How to Analyze a File Line By Line With Python

Using the While Loop Statement to Analyze a Text File

My workstation
aadis/Flikr/CC BY 2.0

One of the primary reasons people use Python is for analyzing and manipulating text. If your program needs to work through a file, it is usually best to read in the file one line at a time for reasons of memory space and processing speed. This is best done with a while loop.

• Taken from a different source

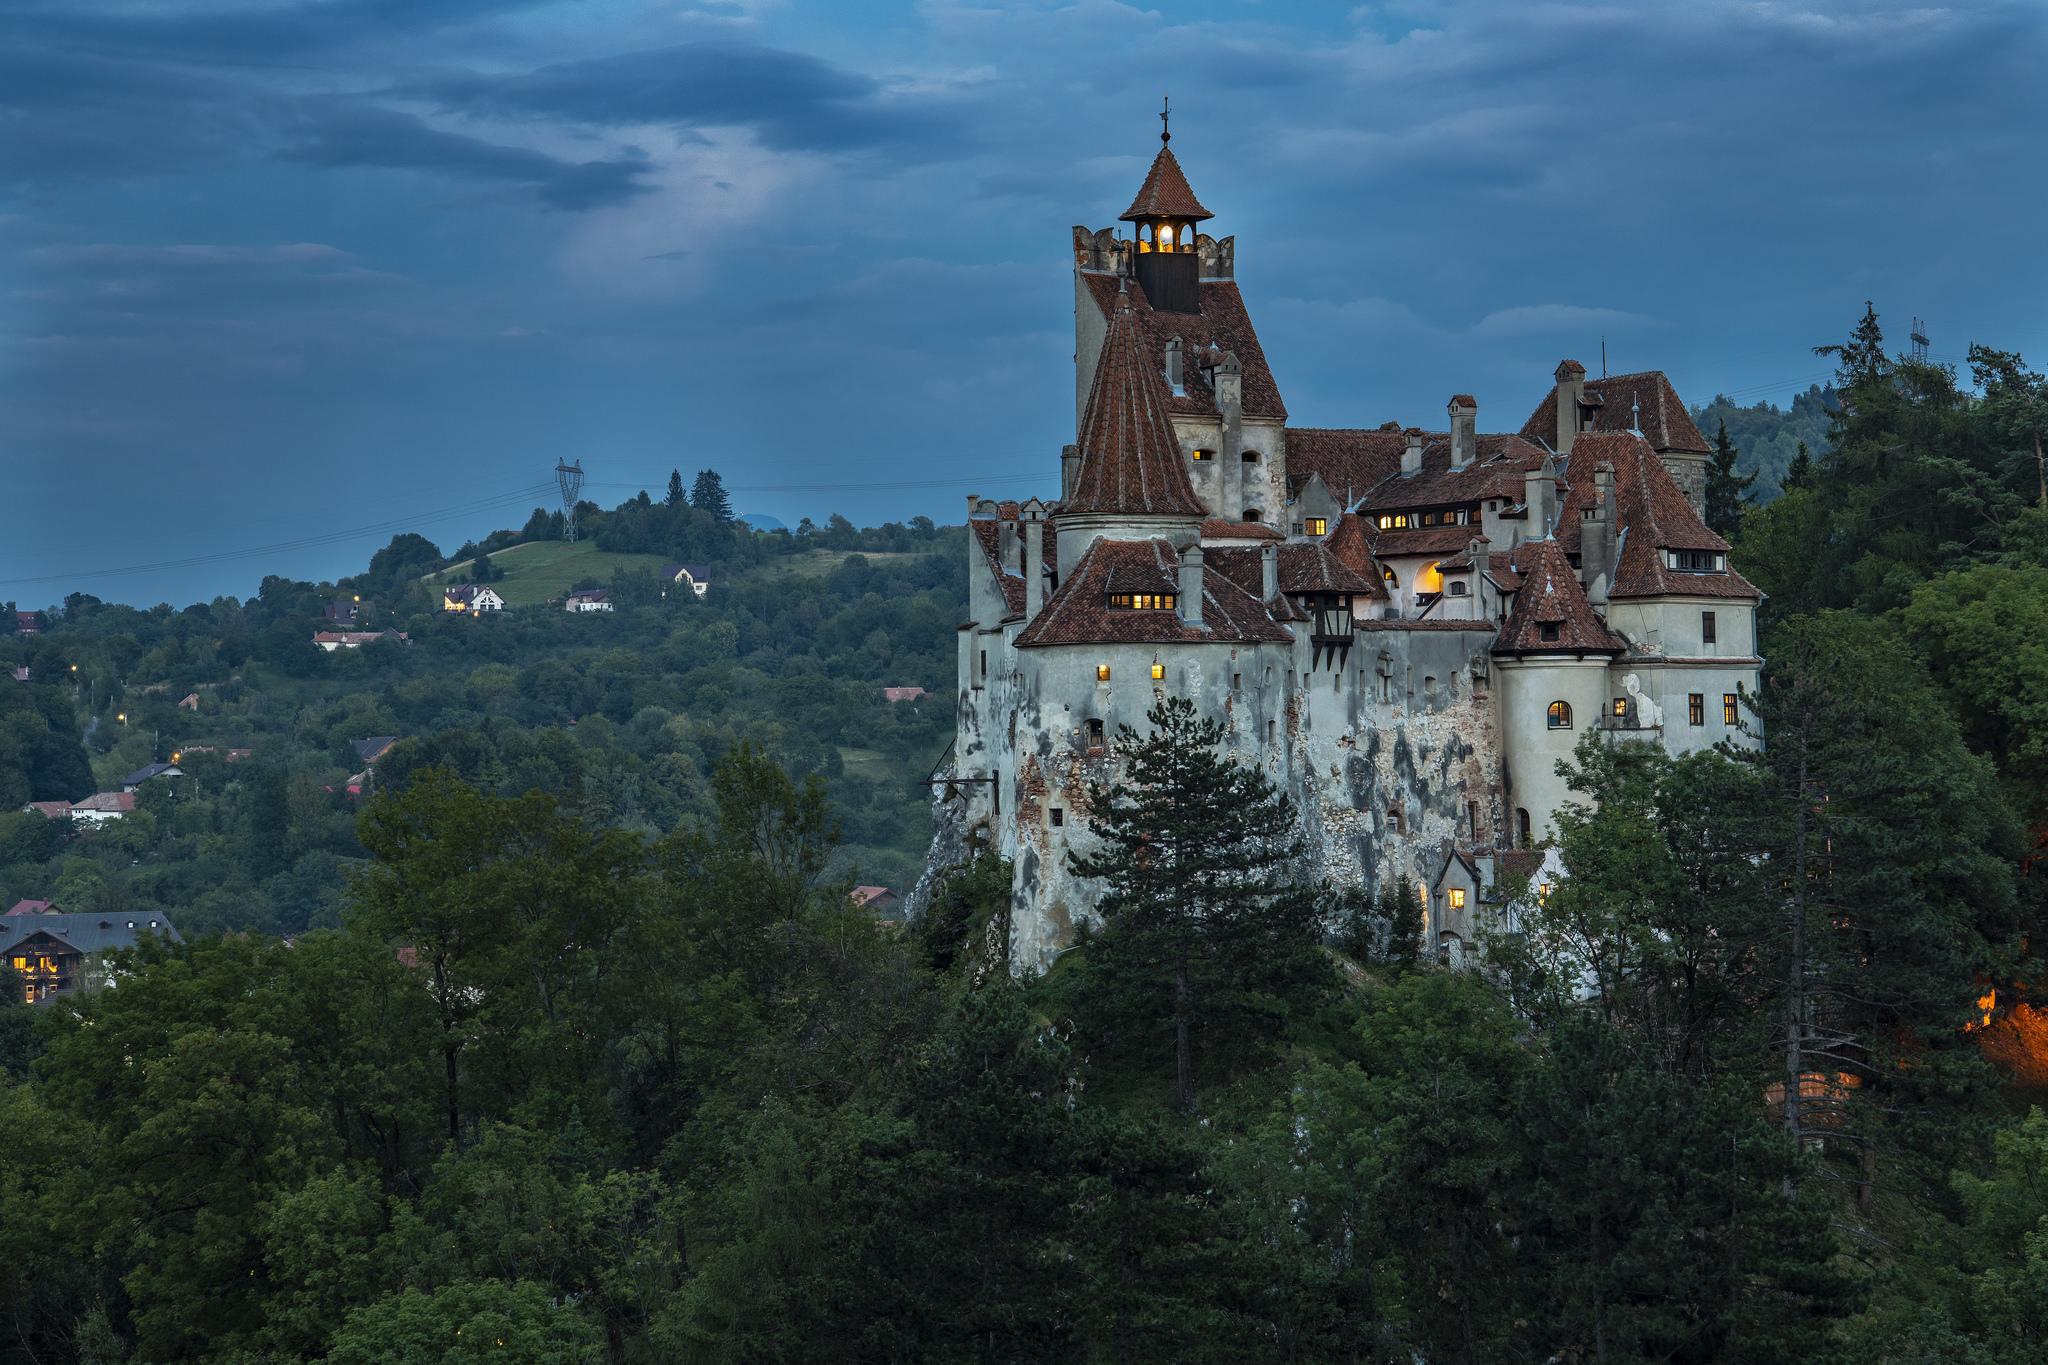 Dracula's Castle - Bran Castle (Bran, Romania)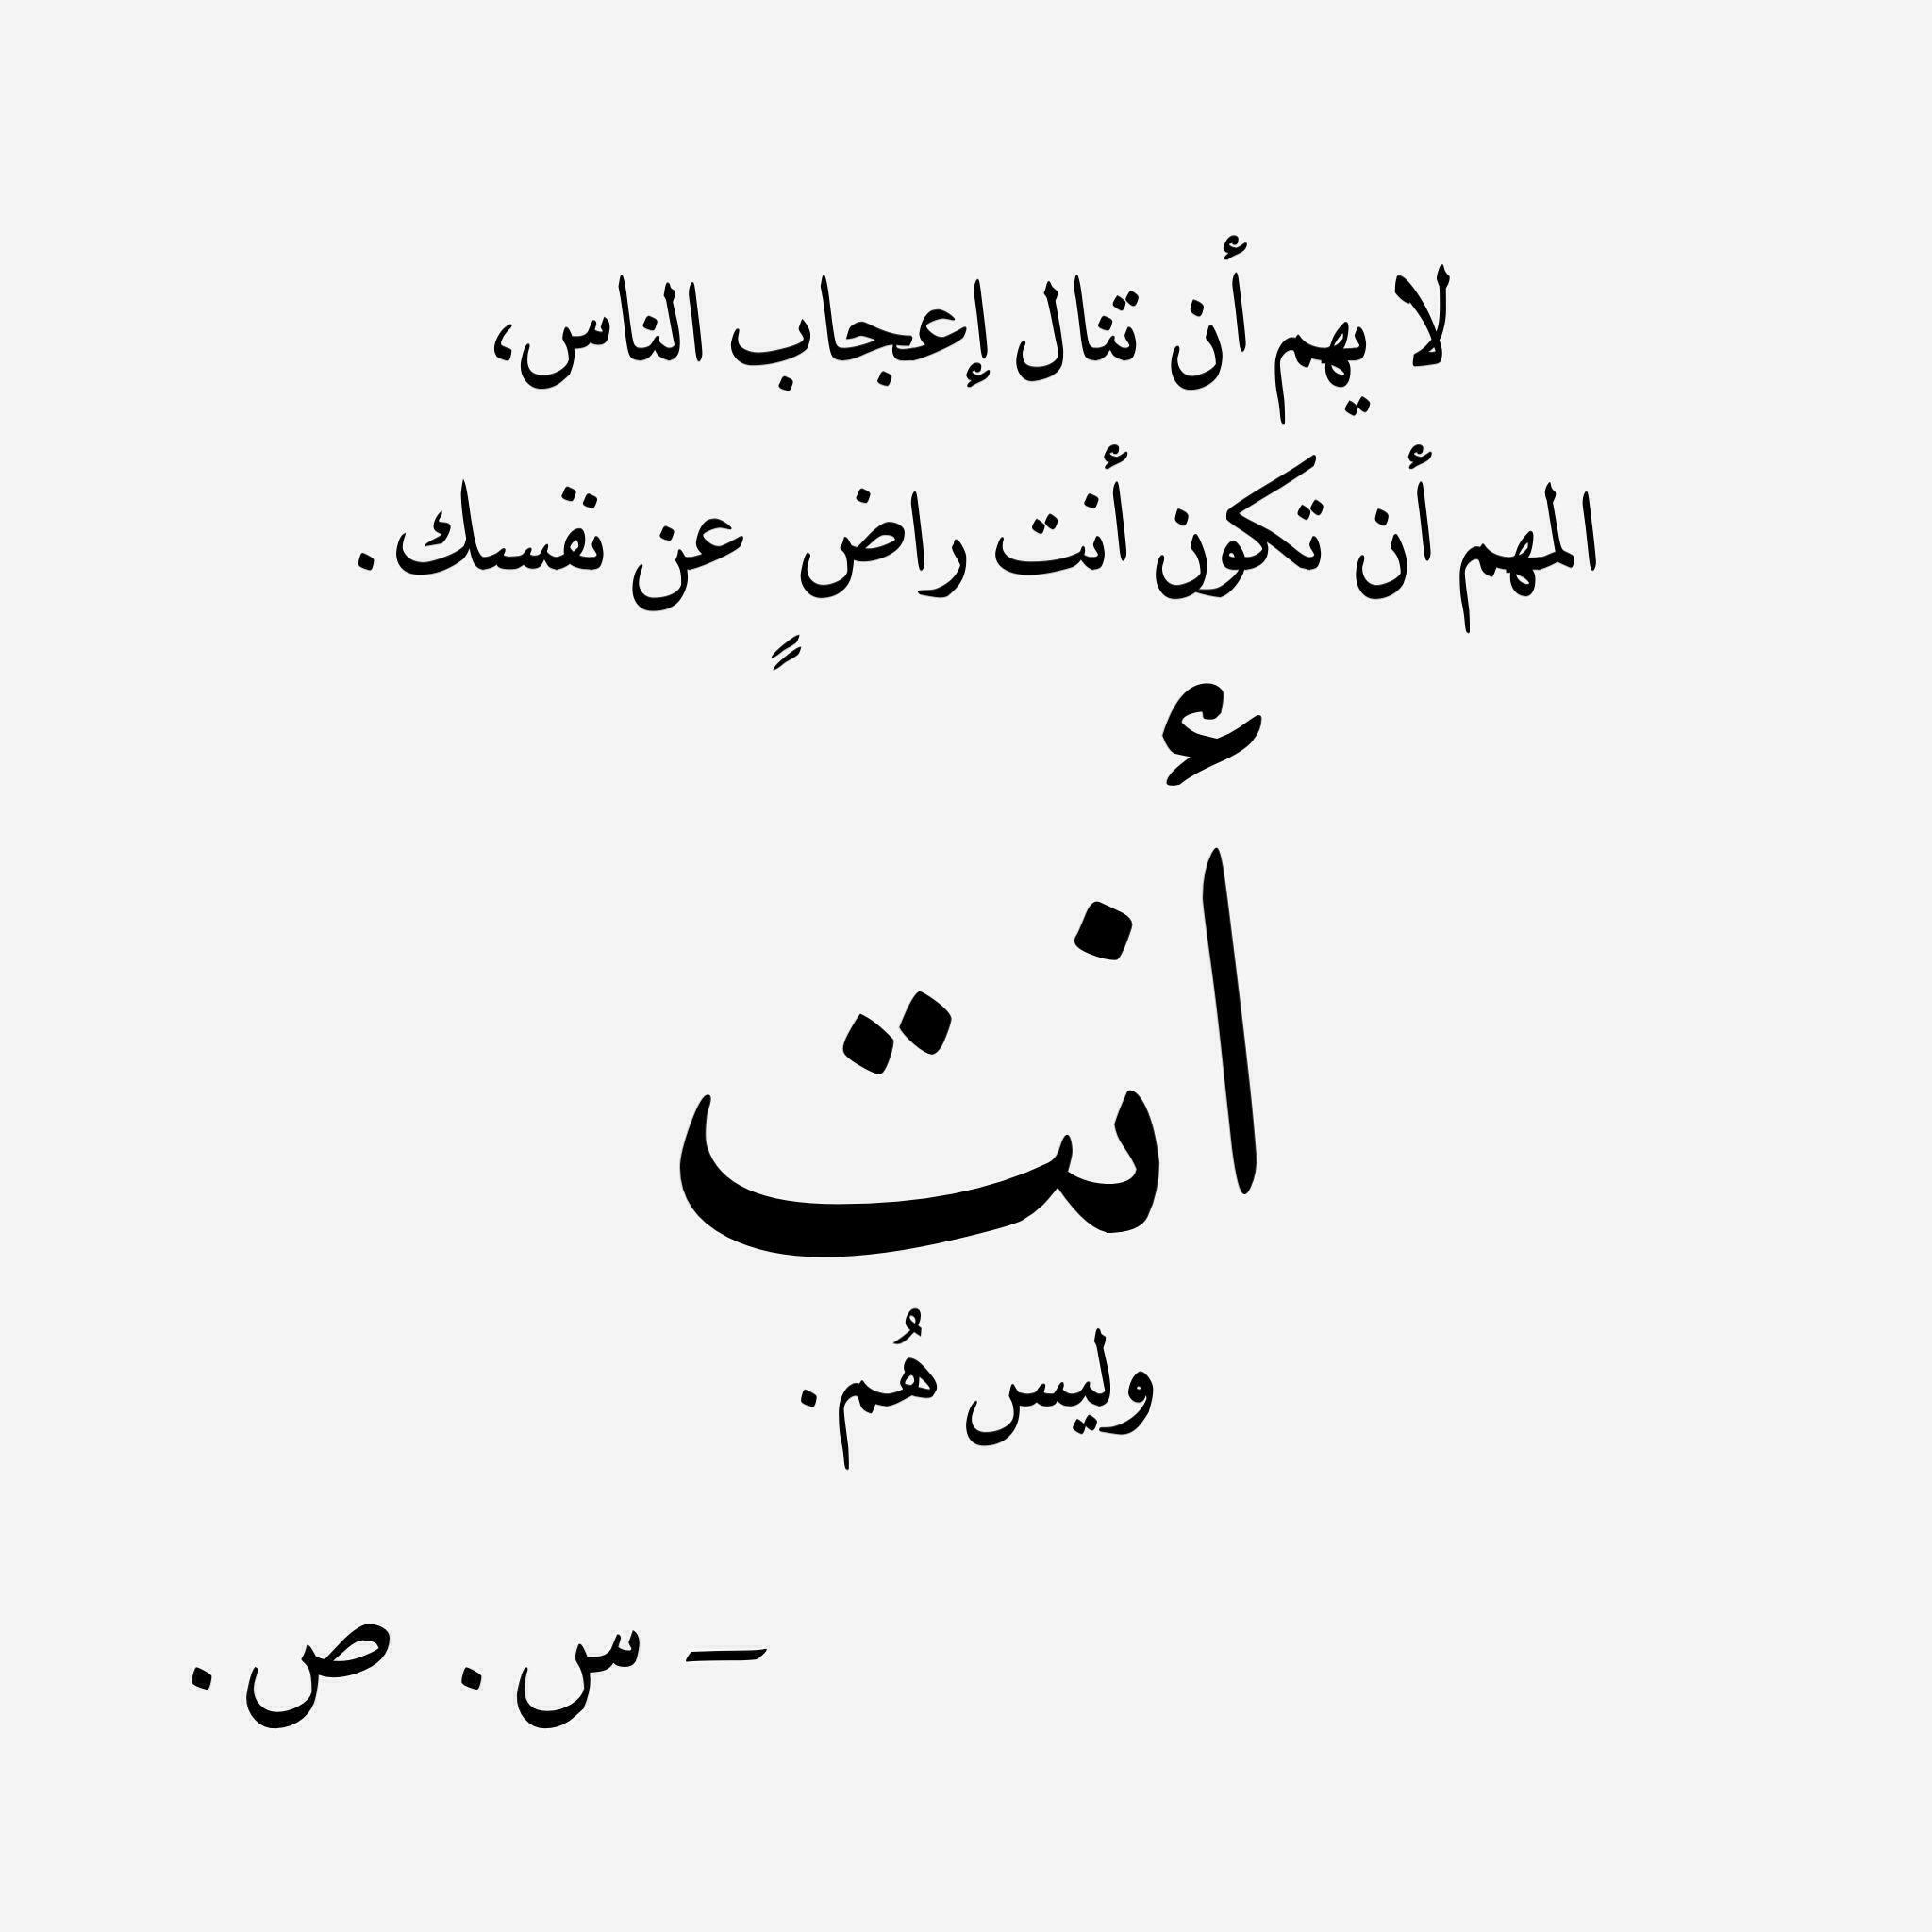 المهم ان تكون راض عن نفسك Words Quotes Cool Words Words

Code Sample for Analyzing Text Line by Line

 fileIN = open(sys.argv[1], "r")
 line = fileIN.readline()
 
 while line:
 [some bit of analysis here]
 line = fileIN.readline()
 

This code takes the first command line argument as the name of the file to be processed. The first line opens it and initiates a file object, "fileIN." The second line then reads the first line of that file object and assigns it to a string variable, "line." The while loop executes based on the constancy of "line." When "line" changes, the loop restarts. This continues until there are no more lines of the file to be read. The program then exits.

Reading the file in this way, the program does not bite off more data than it is set to process. It processes the data it does input faster, giving its output incrementally. In this way, the memory footprint of the program is kept low, and the processing speed of the computer does not take a hit. This can be important if you are writing a CGI script that may see a few hundred instances of itself running at a time. 

More About "While" in Python

The while loop statement repeatedly executes a target statement as long as the condition is true.

The syntax of the while loop in Python is: 

while expression:
 statement(s)

The statement may be a single statement or a block of statements. All the statements indented by the same amount are considered to be part of the same code block. Indentation is how Python indicates groups of statements.